- EXERCISE DESCRIPTION
Please output exactly the lines from the one that holds "Beautiful long vintage" through the final line of the data, and nothing else; leave out any pictures.

- RECORDED INFORMATION
=== Begin Enclosure ===

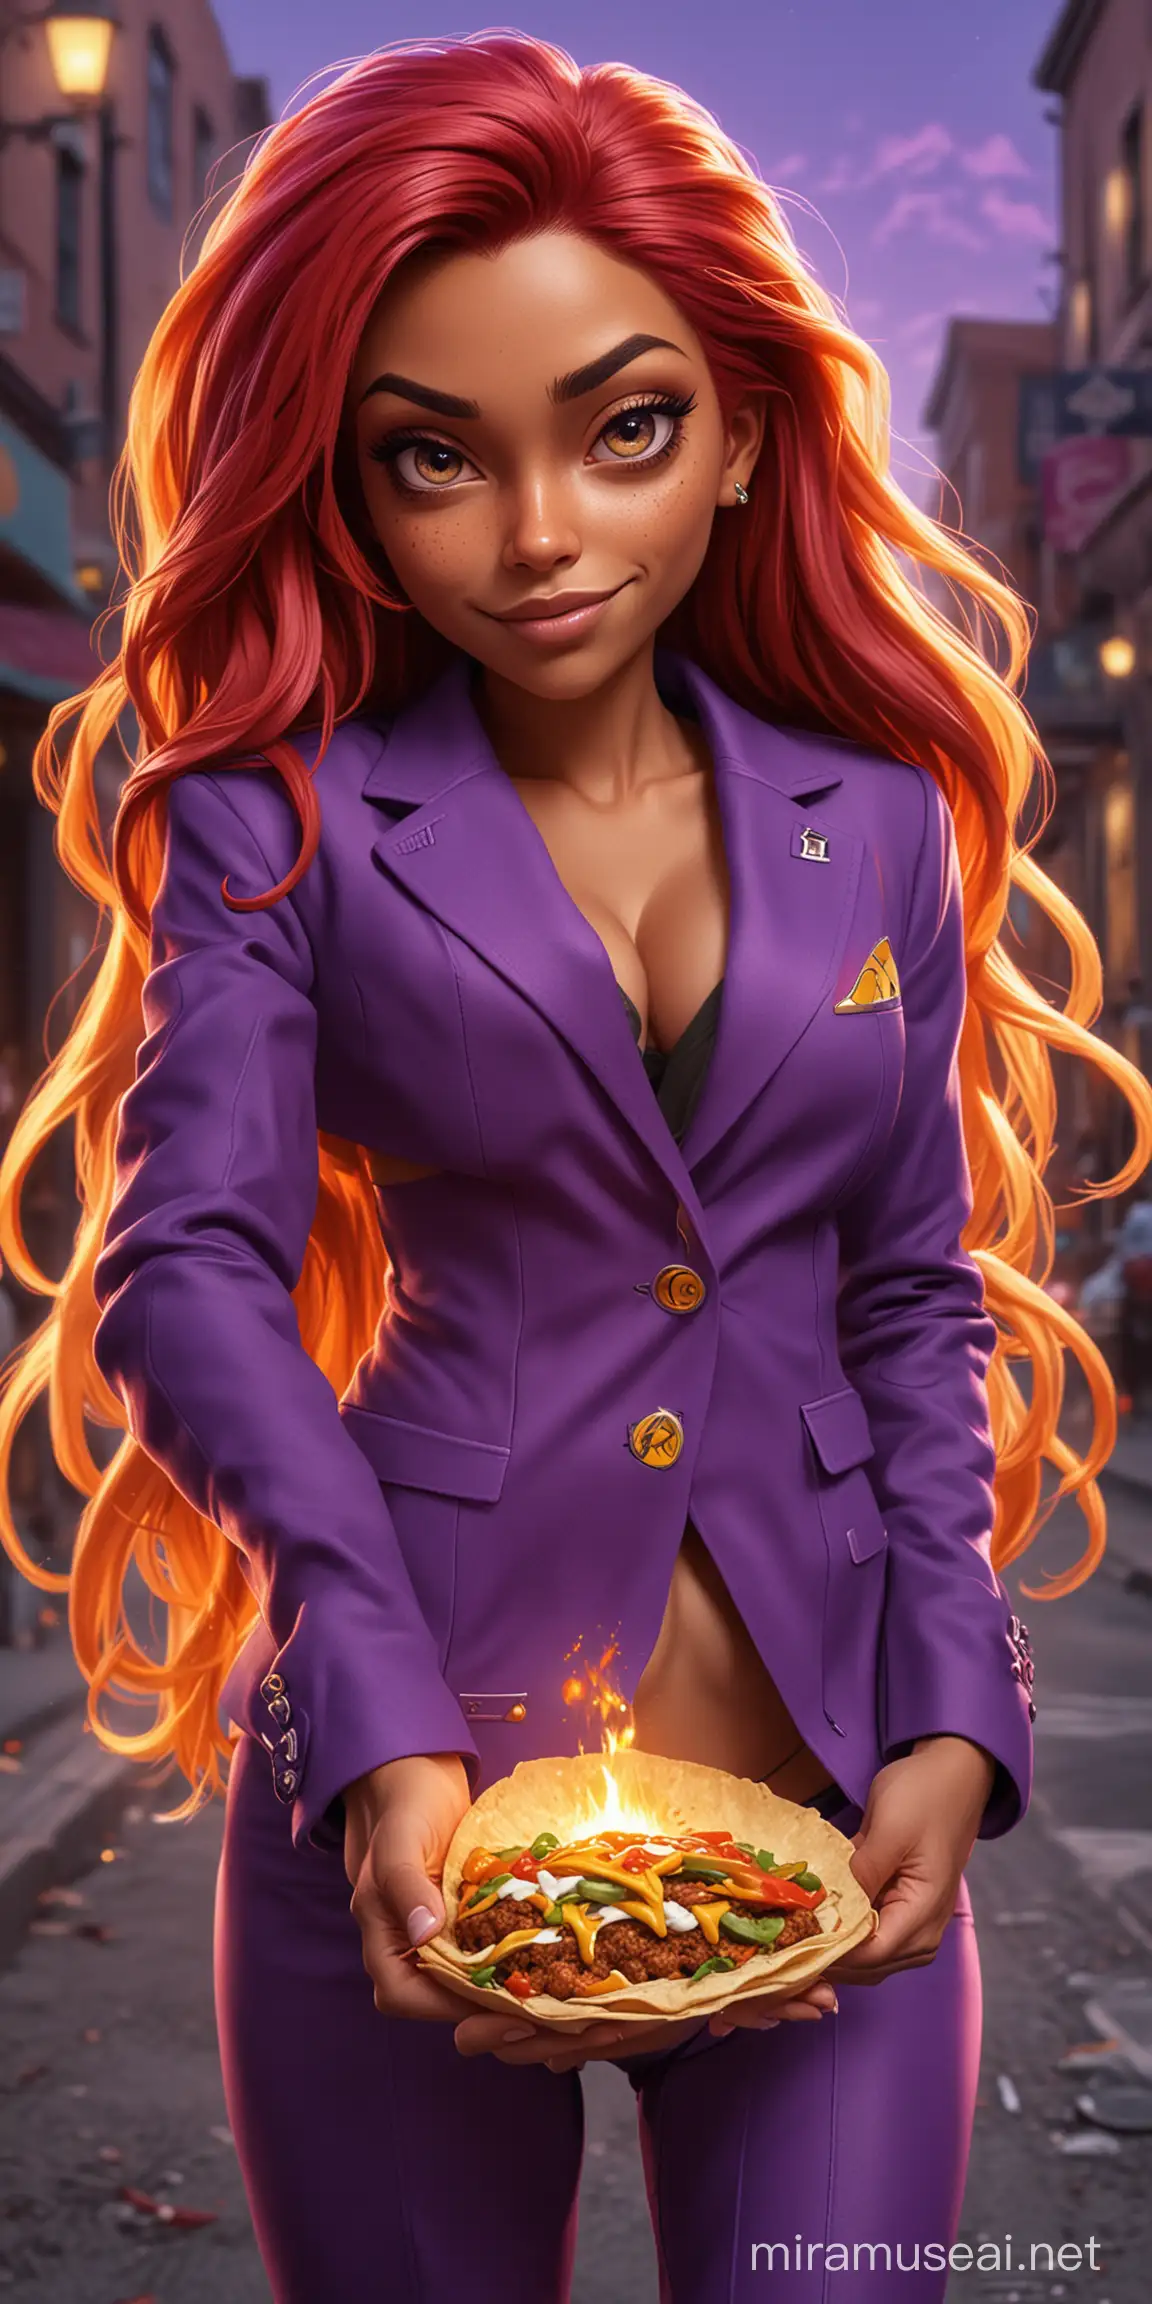 make a realistic starfire character with caricature art style, playing video game, unique pose, fire background, fierce expression, purple suit, red hair, eyes looking to the camera, power coming out from both hands, high contrast, full body, eating taco on the street
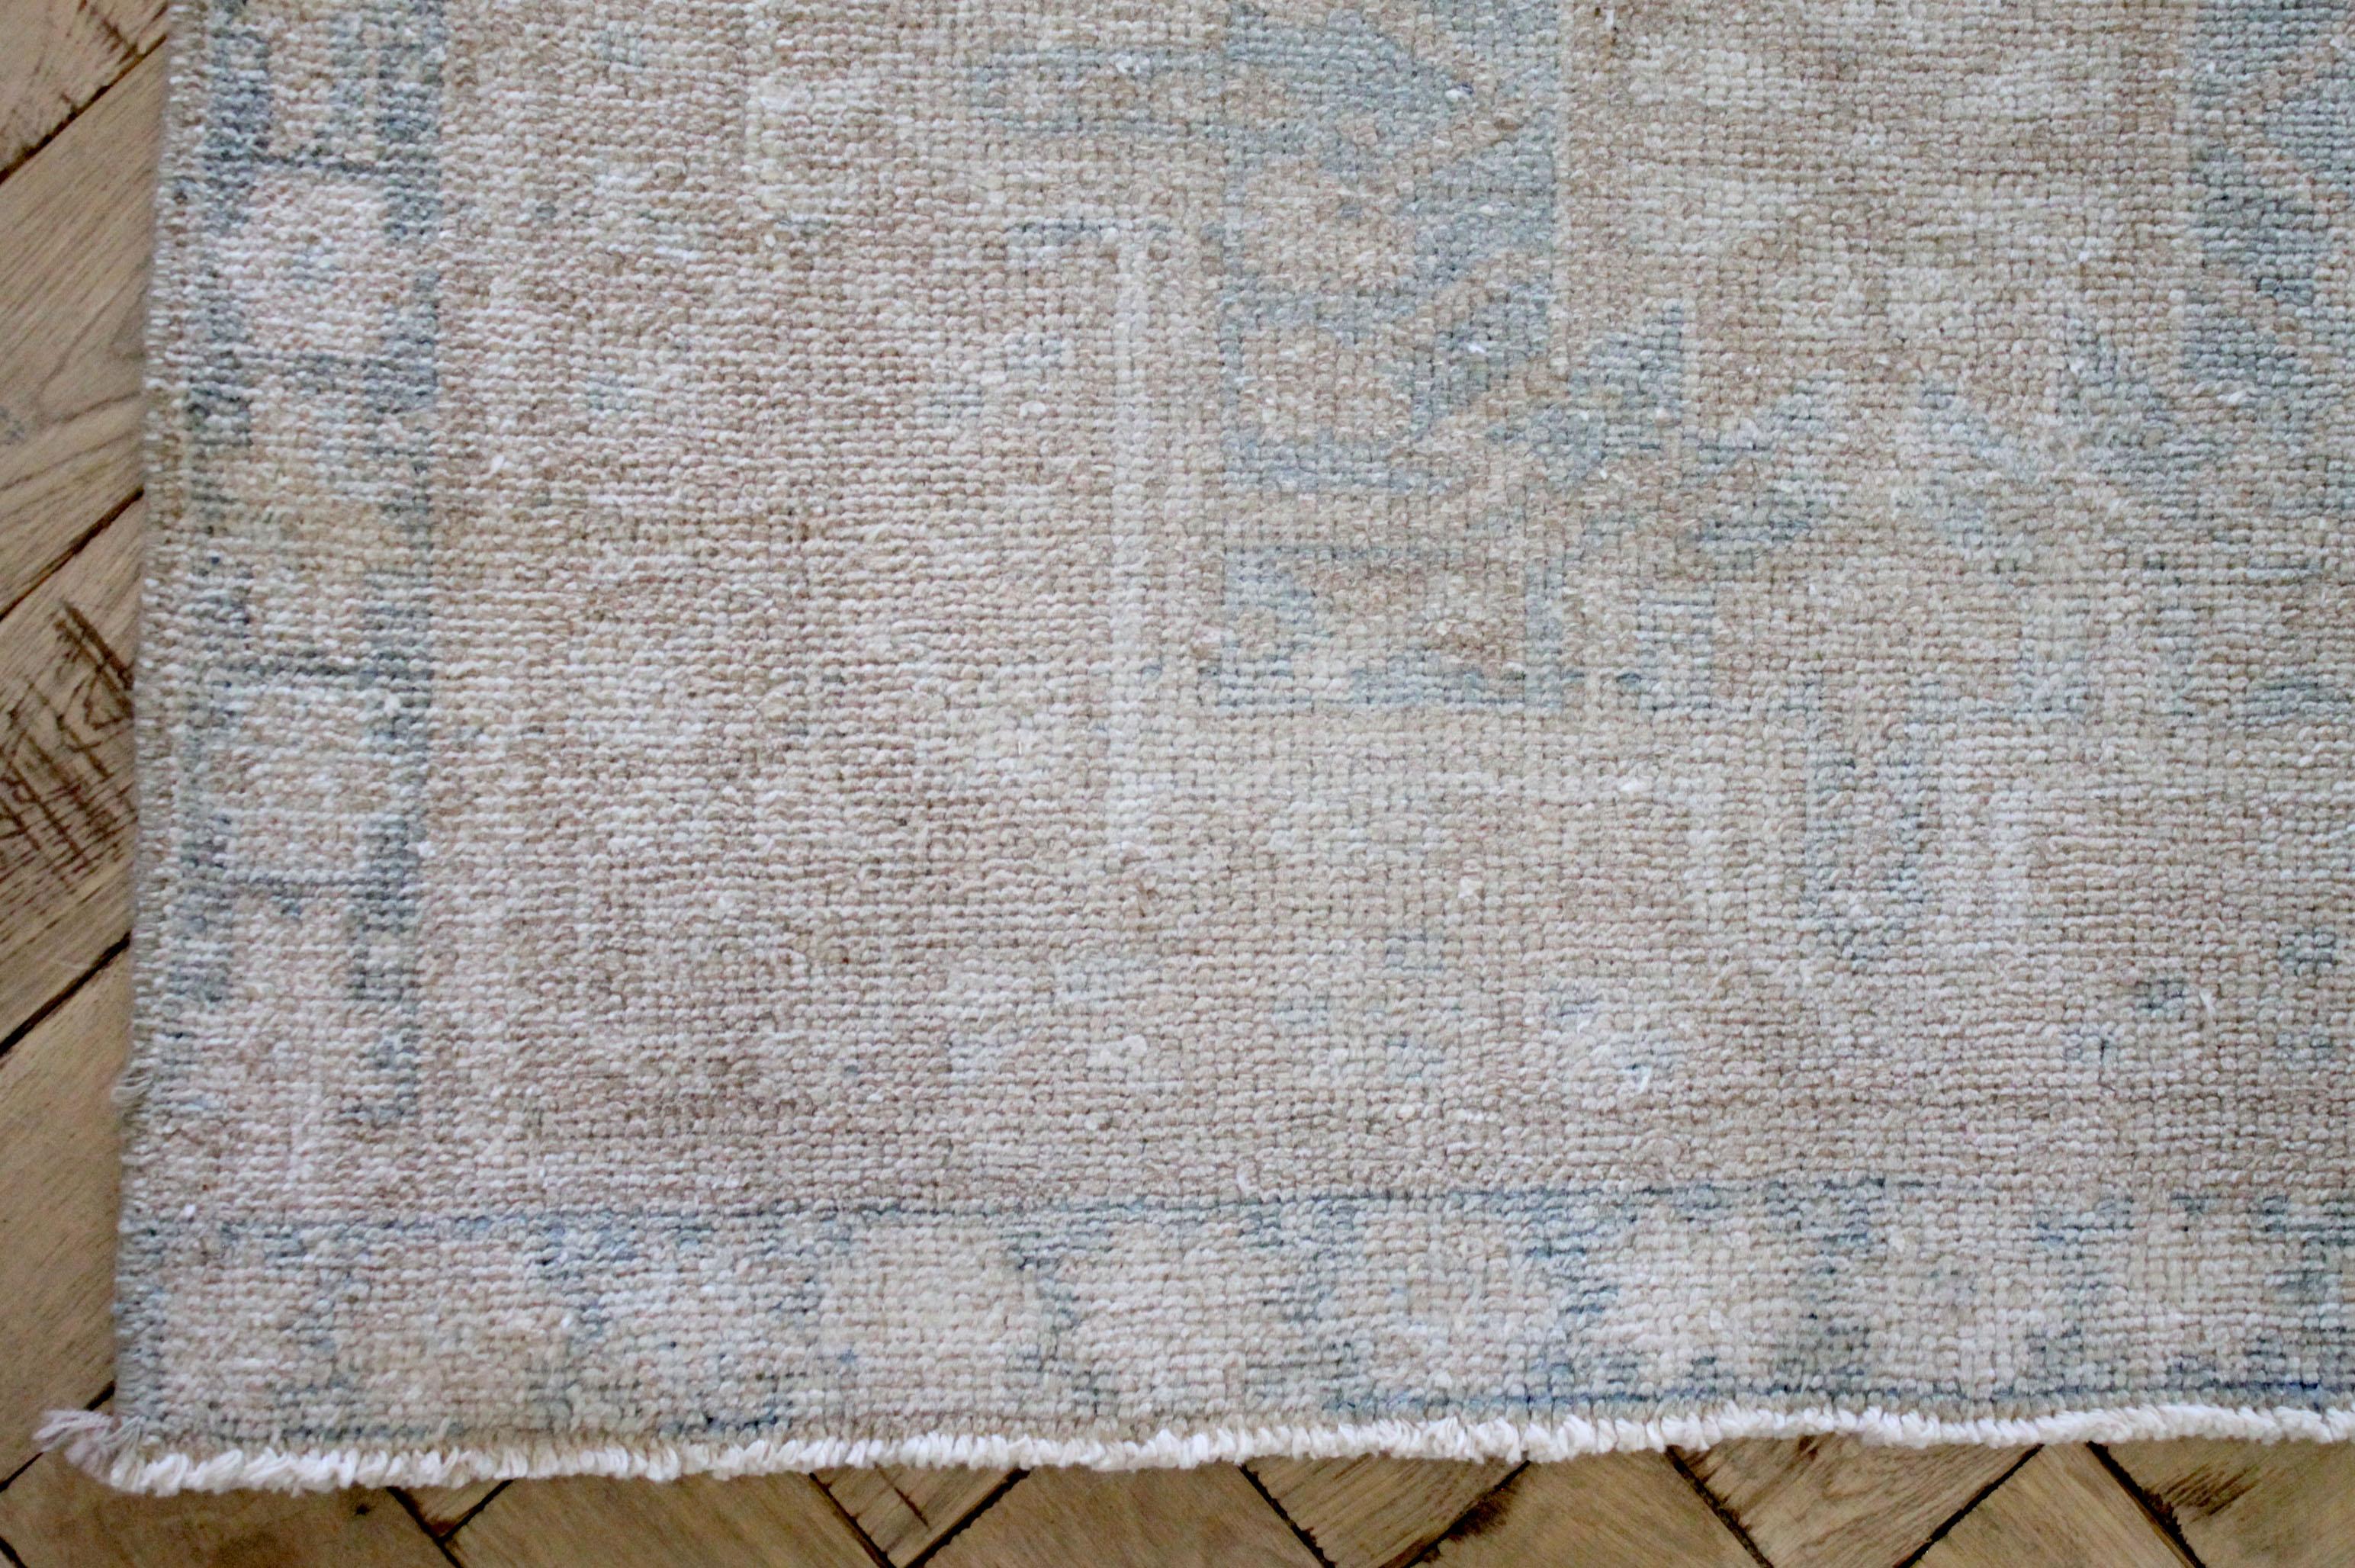 Beautiful long vintage Turkish rug in warm natural tones with soft blues.
Great for a kitchen, hall or bathroom.
Measures: 2'7

=== End Enclosure ===

- COMPLETED EXERCISE
 Beautiful long vintage Turkish rug in warm natural tones with soft blues.
Great for a kitchen, hall or bathroom.
Measures: 2'7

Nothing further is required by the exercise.